This new behavior breaks how `backtrace()` uses to detect the
trampoline frame to correctly reconstruct the stack frame when it is
called from inside a signal handling.

This workaround rely on the fact that the trampoline code is at very
least two (maybe 3?) instructions in size (as it is in the 32 bits
version, only on `li` and `sc`), so it is safe to check the return
address be in the range __kernel_sigtramp_rt64 .. + 4.

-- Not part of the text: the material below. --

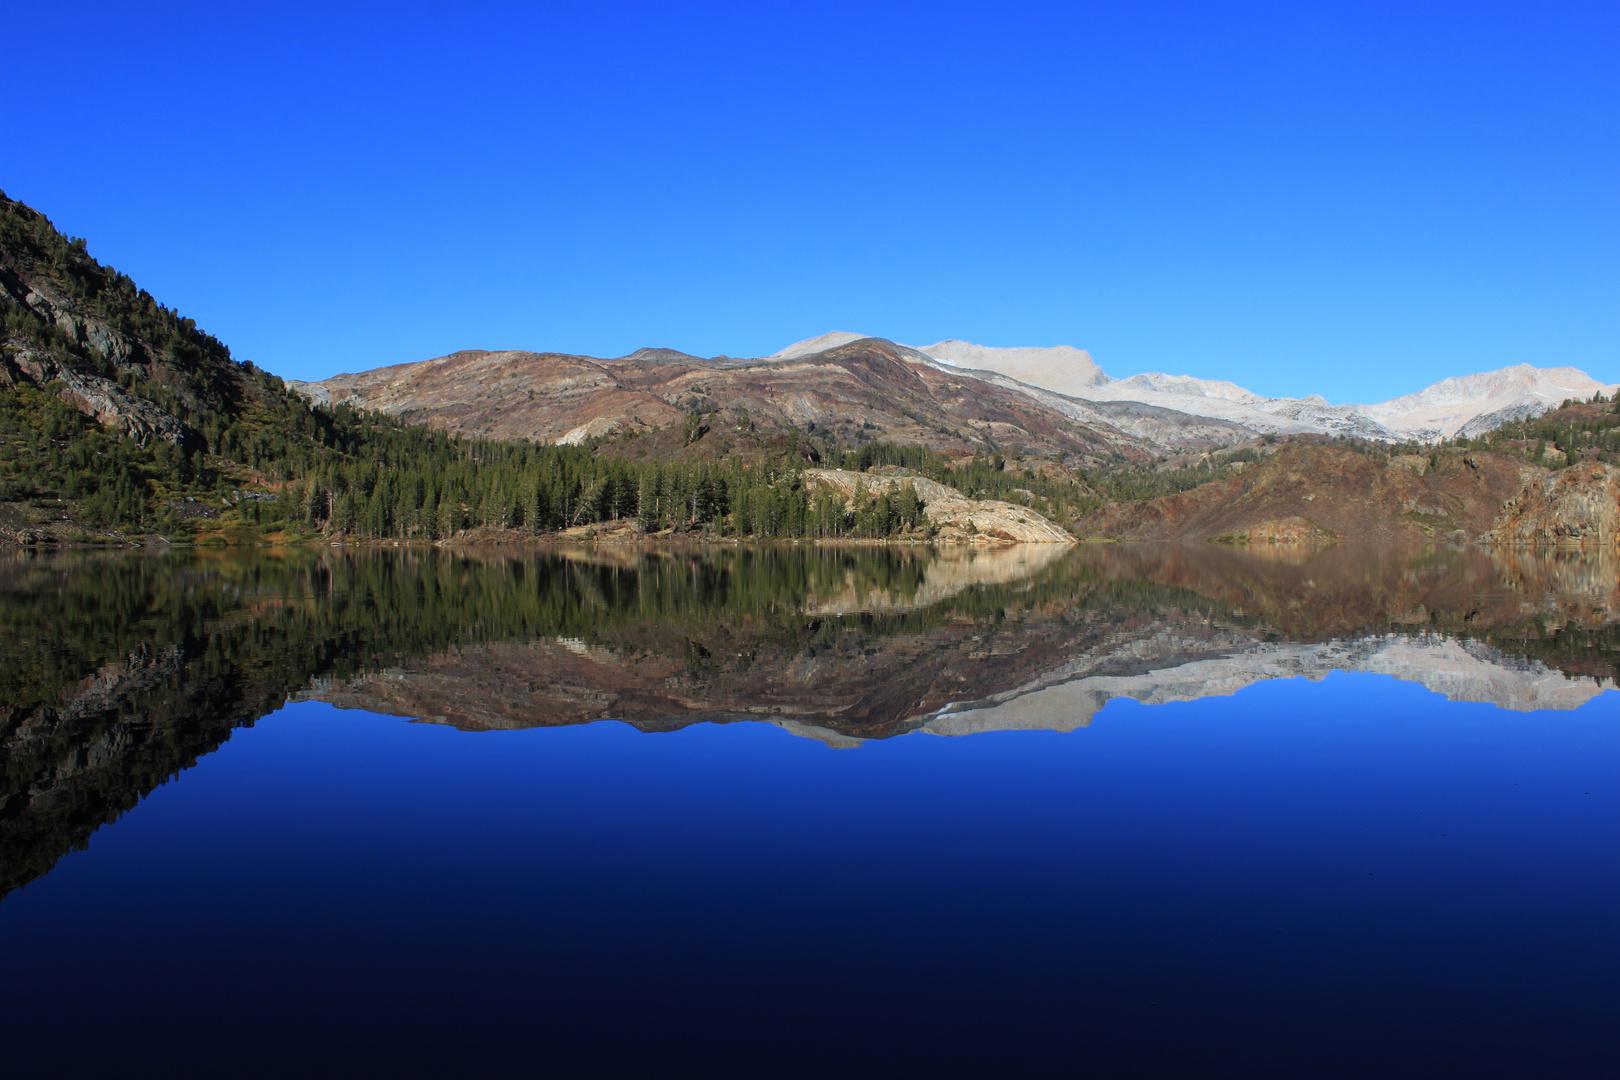 Ellery Lake - Tioga Road - Yosemitee Nationalpark

[1] subject: powerpc/64/signal: Balance return predictor stack in signal trampoline
    commit: 0138ba5783ae0dcc799ad401a1e8ac8333790df9
    url: https://git.kernel.org/pub/scm/linux/kernel/git/torvalds/linux.git/commit/?id=0138ba5783ae0dcc799ad401a1e8ac8333790df9
---
 sysdeps/powerpc/powerpc64/backtrace.c | 11 ++++++++++-
 1 file changed, 10 insertions(+), 1 deletion(-)
  

Comments

Raoni Fassina Firmino Jan. 26, 2021, 1:08 p.m. UTC | #1
Forgot to add:

Tested on top of master (04c6a8073d1c9d73c4a88b536aeb803b12fbffdc)
on the following platforms with no regression:
   - powerpc64le-linux-gnu (Power 9) kernel 5.4.0-59
   - powerpc64le-linux-gnu (Power 9) kernel 5.9.14-1
   - powerpc64-linux-gnu (Power 9) kernel 5.10.0-1
  
Florian Weimer Jan. 26, 2021, 2:12 p.m. UTC | #2
* Raoni Fassina Firmino:

> A not so recent kernel change[1] changed how the trampoline
> `__kernel_sigtramp_rt64` is used to call signal handlers.
>
> This was exposed on the test misc/tst-sigcontext-get_pc
>
> Before kernel 5.9, the kernel set LR to the trampoline address and
> jumped directly to the signal handler, and at the end the signal
> handler, as any other function, would `blr` to the address set.  In
> other words, the trampoline was executed just at the end of the signal
> handler and the only thing it did was call sigreturn.  But since
> kernel 5.9 the kernel set CTRL to the signal handler and calls to the
> trampoline code, the trampoline then `bctrl` to the address in CTRL,
> setting the LR to the next instruction in the middle of the
> trampoline, when the signal handler returns, the rest of the
> trampoline code executes the same code as before.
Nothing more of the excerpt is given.